Верующие внимают речам проповедников, вознося молитвы «святым угодникам», испрашивая у них помощи в земных делах. Слепо доверяя своим духовным пастырям, они не отдают себе отчета в том, кому в действительности возносят молитвы, кого считают своими заступниками и благодетелями.
Мы уже говорили о том, как создавались жития святых в раннехристианской церкви. Христианские агиографы дали волю своей фантазии, не останавливаясь перед заимствованиями, самыми откровенными выдумками, подлогом и фальсификацией. С принятием христианства на Руси все эти методы взяли на вооружение и русские православные агиографы. Уже упоминавшийся церковный историк Е. Голубинский признавал: «Нашим составителям житий не приходилось быть творцами или изобретателями, а только заимствователями из многочисленного собрания житий греческих… Есть и такие жития, составители которых очень просто разрешают для себя задачу пользования, а именно: составляют жития посредством дословных выписок из других житий, идущих и нисколько не идущих к тем святым, жизнь которых описывают».[81]
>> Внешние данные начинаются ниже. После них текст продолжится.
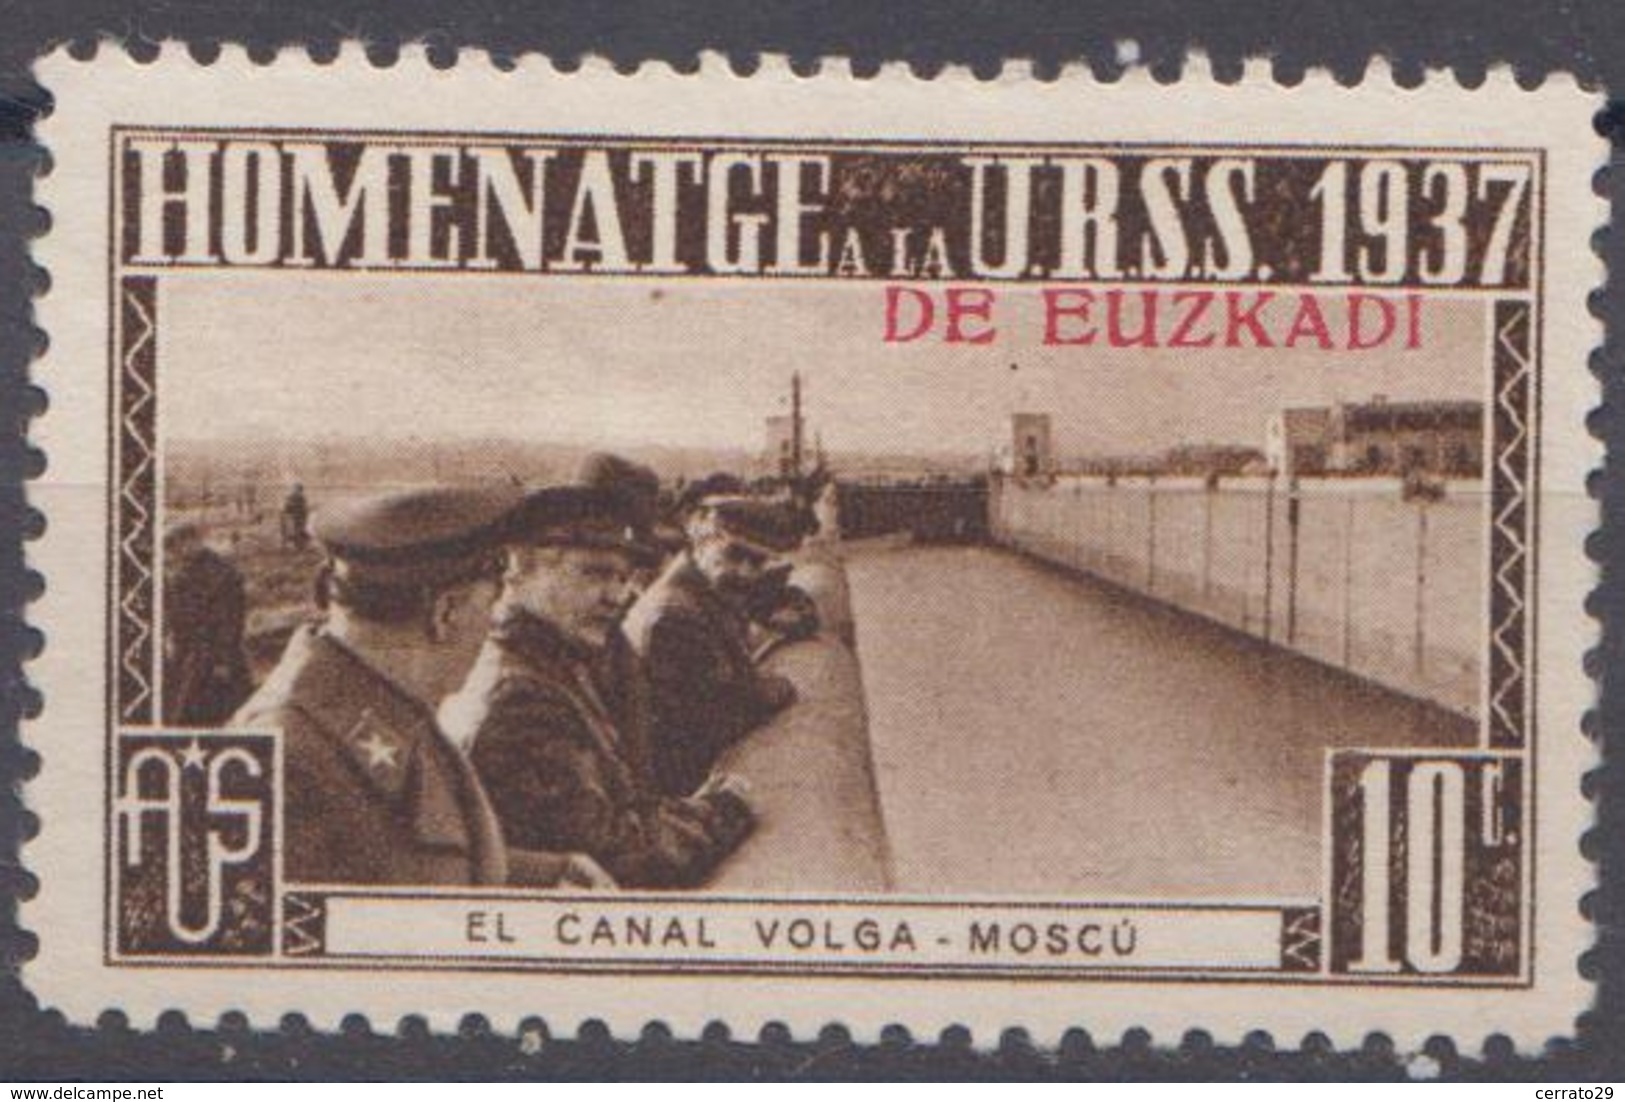 HOMENAJE A LA U.R.S.S. 1937 - EUZKADI - Spanish Civil War Labels

Жития святых преподносится верующим как абсолютно непогрешимый источник, как руководство к праведной и благочестивой жизни. Духовенство добивается бесприкословной веры своей паствы в то, что написано в этих сочинениях. Однако даже поверхностное ознакомление с ними дает возможность беспристрастному читателю убедиться в том, что жития насыщены невероятными, фантастическими историями, рассказами о чудесах, с которыми невозможно примириться с точки зрения здравого смысла. Достаточно обратиться к сочинению весьма далекого от атеизма историка В. О. Ключевского, специально занимавшегося исследованием житийной литературы. Даже православное духовенство отметило его работу как «классический труд в данной области, ничем и никем не заменимый». В. О. Ключевский наглядно показал, что представляют собой жития святых.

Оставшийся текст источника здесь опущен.